Degree of feeling others’ feelings, especially one’s parents’ unresolved feelings, but it’s not something that I ultimately want. Except insofar as I, prima, if I have myself back, then I still want to be able to feel others’ feelings as long as it’s not disempowering me in any way.
So I guess what I’m saying is the more that I heal my own historical traumas, the more that I get a self, the more that I develop a real true self, the more that I get rid of being someone who I’m not. Getting rid of those parts that got stuck into me because of my violations, the more I have real true connection with authentic self-loving Daniel. The more I have real empathy for people, and I don’t accept the feelings that they project onto me.
Because I’ve noticed that as I’ve gotten healthier, sometimes in relationship with people who are less healthy, I can say, “No, no, that’s not my feeling that they’re putting onto me.” And I can have different ways of putting boundaries up that don’t accept their projected feelings.
I see less healthy people often don’t like it. Basically, their attitude is, “What right do you have to set a boundary with me? What right do you have to not accept my violation?” People who very unconsciously do a lot of projection, who have a lot of unresolved trauma inside of themselves, have a lot of entitlement to feel that, to do that, to project onto others, to manipulate. A lot of times they don’t like having boundaries set.
That’s a big part of why I couldn’t remain close in relationship to my parents, because they felt they owned me. They felt that they had a right to do all that to me. And the more I set boundaries with them, the less they liked me. The less actually I fit any role in their life. It was like that was something they didn’t like. They didn’t like this new person who had a self.

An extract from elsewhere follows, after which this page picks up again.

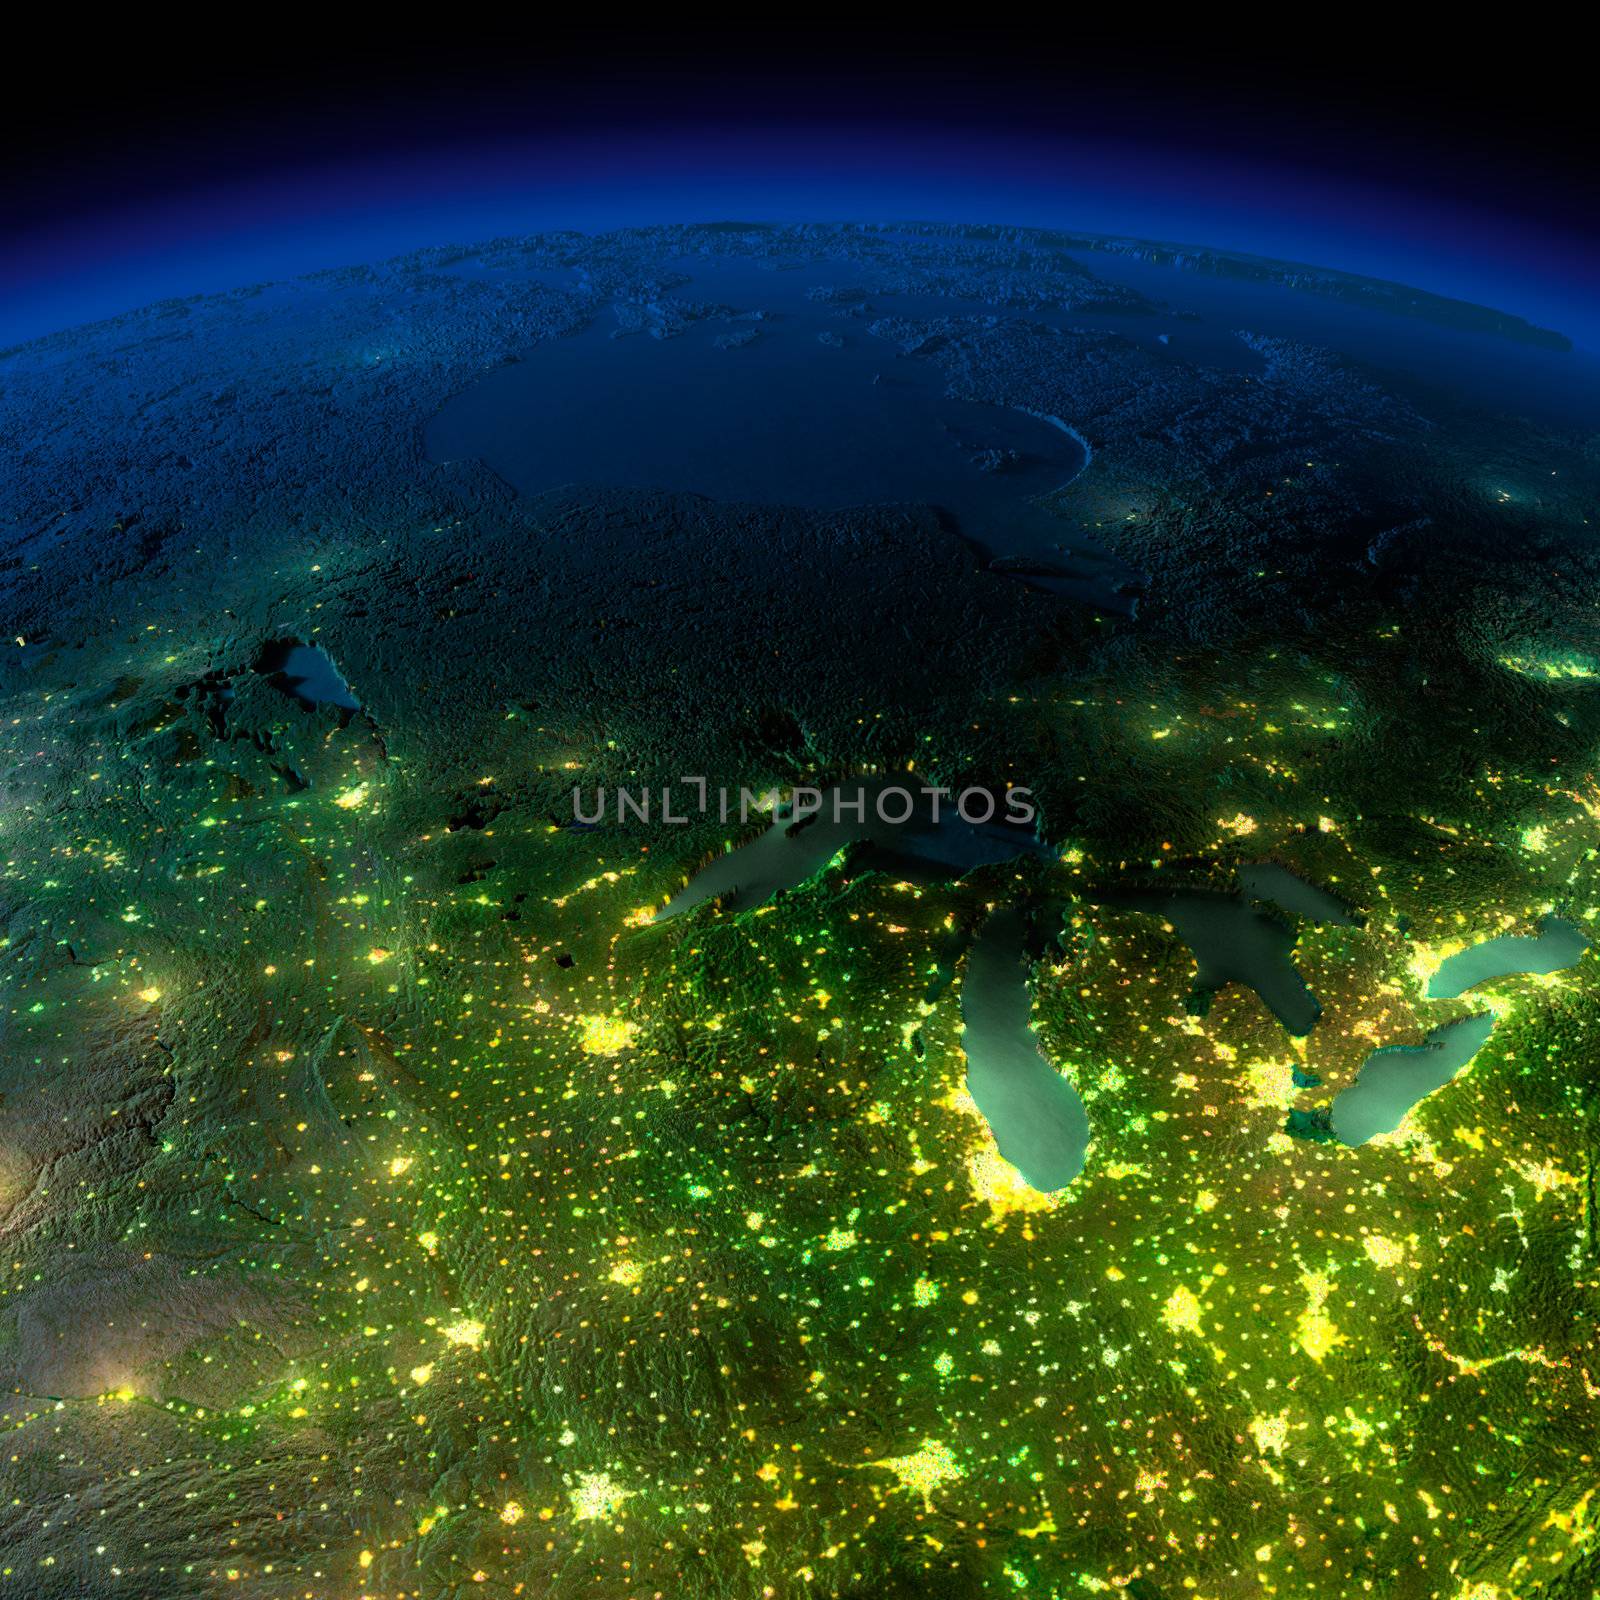 Night Earth. A piece of America - the northern U.S. states by Antartis

And I’ve seen that more and more in my life, which has been a real gift in my life. Ironically, that by getting rid of people, by setting boundaries with people who would only violate me, who only wanted me to feel their unconscious unresolved feelings, they wanted to take advantage of my empathy. Basically, the more I’ve set boundaries with them, the more that they don’t like me, rage at me, and then kind of drop away, get rid of me, reject me even more.
And even though while at first it can seem like that rejection hurts, underneath it, it’s like, you know, better to have a life where I am rejected by people who didn’t like me anyways, who didn’t really care about the true me. And instead, what’s left is I can be around people who are actually more respectful, more loving, more caring, true friends, healthier people.
And now when I have empathy for them, when I can feel their feelings, they can actually simultaneously be feeling these feelings. And when I feel these feelings, I can know how they feel, and it can actually give me a chance to be more supportive in a healthy way. And then they can do the same for me.